Hi,
as David Ryskalczyk stated, just two printf format specifiers might cause the
havoc. I think, there is not need to use wgint instead of off_t.
@Guiseppe: please apply the appended patches (maybe adding them together into
one commit)
@Gijs: Could you check, if these patches fix the issue ?
Regards, Tim
Am Monday 12 November 2012 schrieb Gijs van Tulder:
> Hi,
>
> There's a somewhat serious issue in the WARC-generating code: on some
> platforms (presumably the ones where off_t is not a 64-bit number) the
> Content-Length header at the top of each WARC record has an incorrect
> length. On these platforms it is sometimes 0, sometimes 1, but never the
> correct length. This makes the whole WARC file unreadable.
>
> The code works fine on many platforms, but it is apparently a problem on
> some PowerPC and ARM systems, and maybe other systems as well.
>
> Existing WARC files with this problem can be repaired by replacing the
> value of the Content-Length header with the correct value, for each WARC
> record in the file. The content of the WARC records is there, it's just
> the Content-Length header that is wrong.
>
> The attached patch fixes the problem in warc.c. It replaces off_t by
> wgint and uses the number_to_static_string function from util.c.
>
> Regards,
>
> Gijs
Mit freundlichem Gruß
Tim Rühsen
From d778dae0d2abaf036f415ee0e54c91241cbadee0 Mon Sep 17 00:00:00 2001
From: Tim Ruehsen <[email protected]>
Date: Wed, 14 Nov 2012 11:11:34 +0100
Subject: [PATCH 1/2] fix output of off_t variables
---
src/warc.c | 6 +++---
1 file changed, 3 insertions(+), 3 deletions(-)
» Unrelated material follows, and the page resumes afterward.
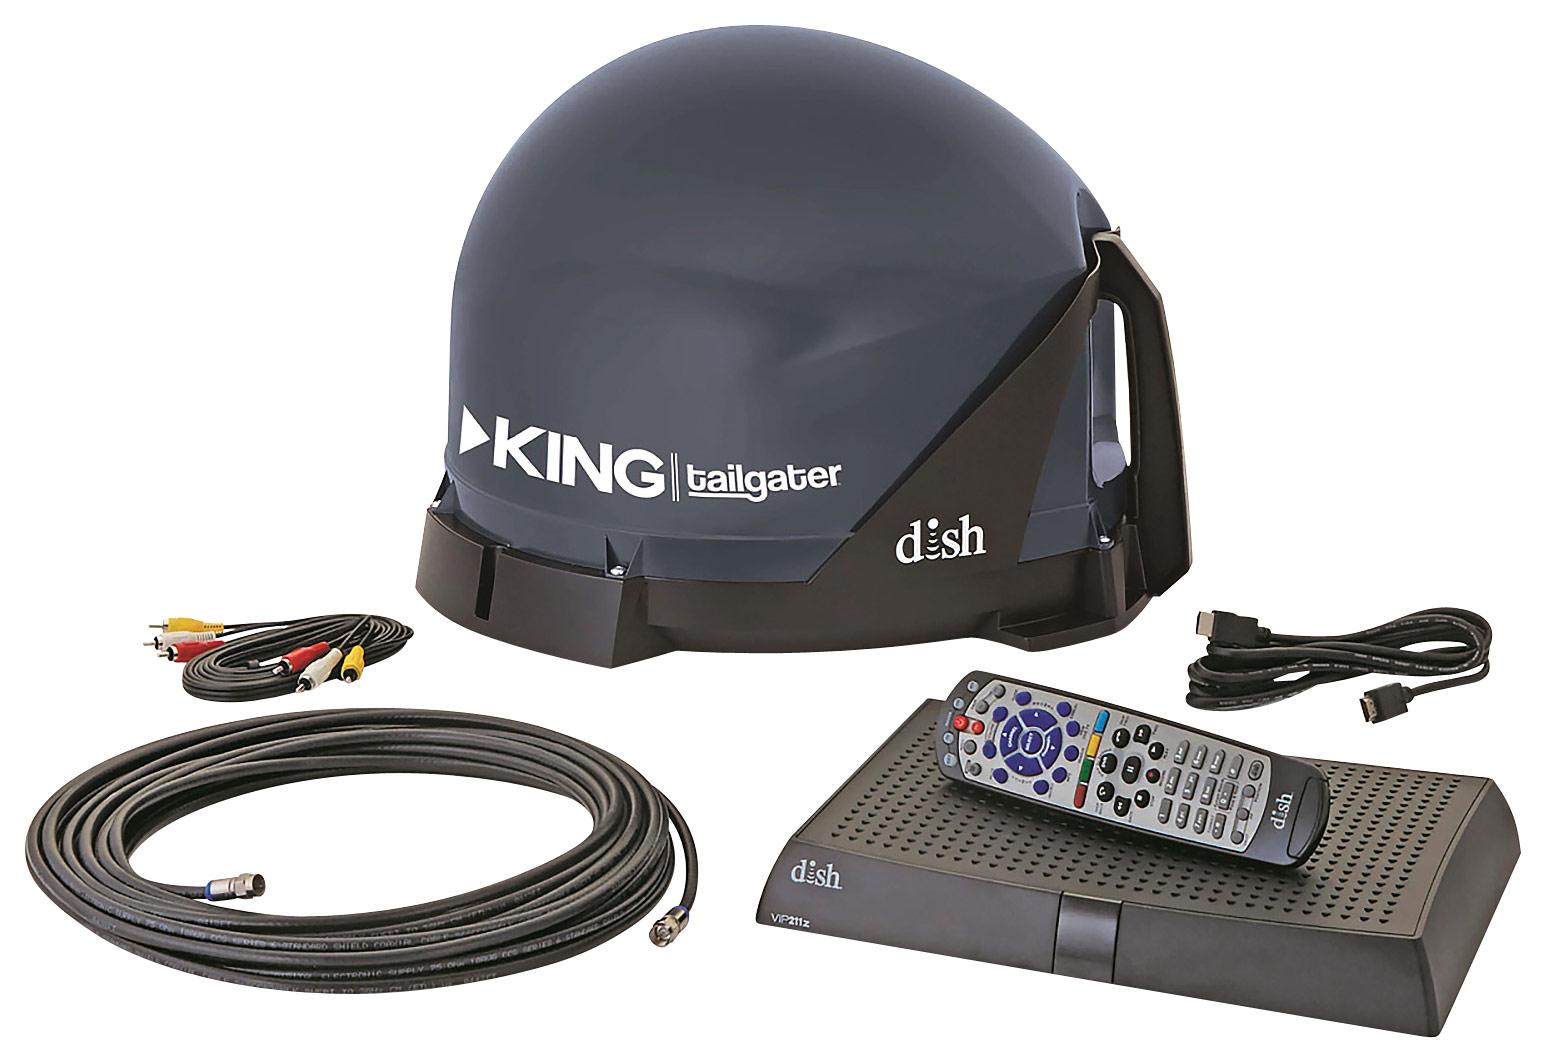 King - Tailgater Portable Satellite TV System - Black

diff --git a/src/warc.c b/src/warc.c
index de99bf7..ef82fdf 100644
--- a/src/warc.c
+++ b/src/warc.c
@@ -247,7 +247,7 @@ warc_write_block_from_file (FILE *data_in)
/* Add the Content-Length header. */
char *content_length;
fseeko (data_in, 0L, SEEK_END);
- if (! asprintf (&content_length, "%ld", ftello (data_in)))
+ if (! asprintf (&content_length, "%lld", (long long)ftello (data_in)))
{
warc_write_ok = false;
return false;
@@ -1231,9 +1231,9 @@ warc_write_cdx_record (const char *url, const char *timestamp_str,
redirect_location = "-";
/* Print the CDX line. */
- fprintf (warc_current_cdx_file, "%s %s %s %s %d %s %s - %ld %s %s\n", url,
+ fprintf (warc_current_cdx_file, "%s %s %s %s %d %s %s - %lld %s %s\n", url,
timestamp_str_cdx, url, mime_type, response_code, checksum,
- redirect_location, offset, warc_current_filename, response_uuid);
+ redirect_location, (long long)offset, warc_current_filename, response_uuid);
fflush (warc_current_cdx_file);
return true;
--
1.7.10.4
From 45bc8655218d54e5dbac9103f6d7267b9d9126c2 Mon Sep 17 00:00:00 2001
From: Tim Ruehsen <[email protected]>
Date: Wed, 14 Nov 2012 11:14:01 +0100
Subject: [PATCH 2/2] fix checking asprintf return value
---
src/warc.c | 2 +-
1 file changed, 1 insertion(+), 1 deletion(-)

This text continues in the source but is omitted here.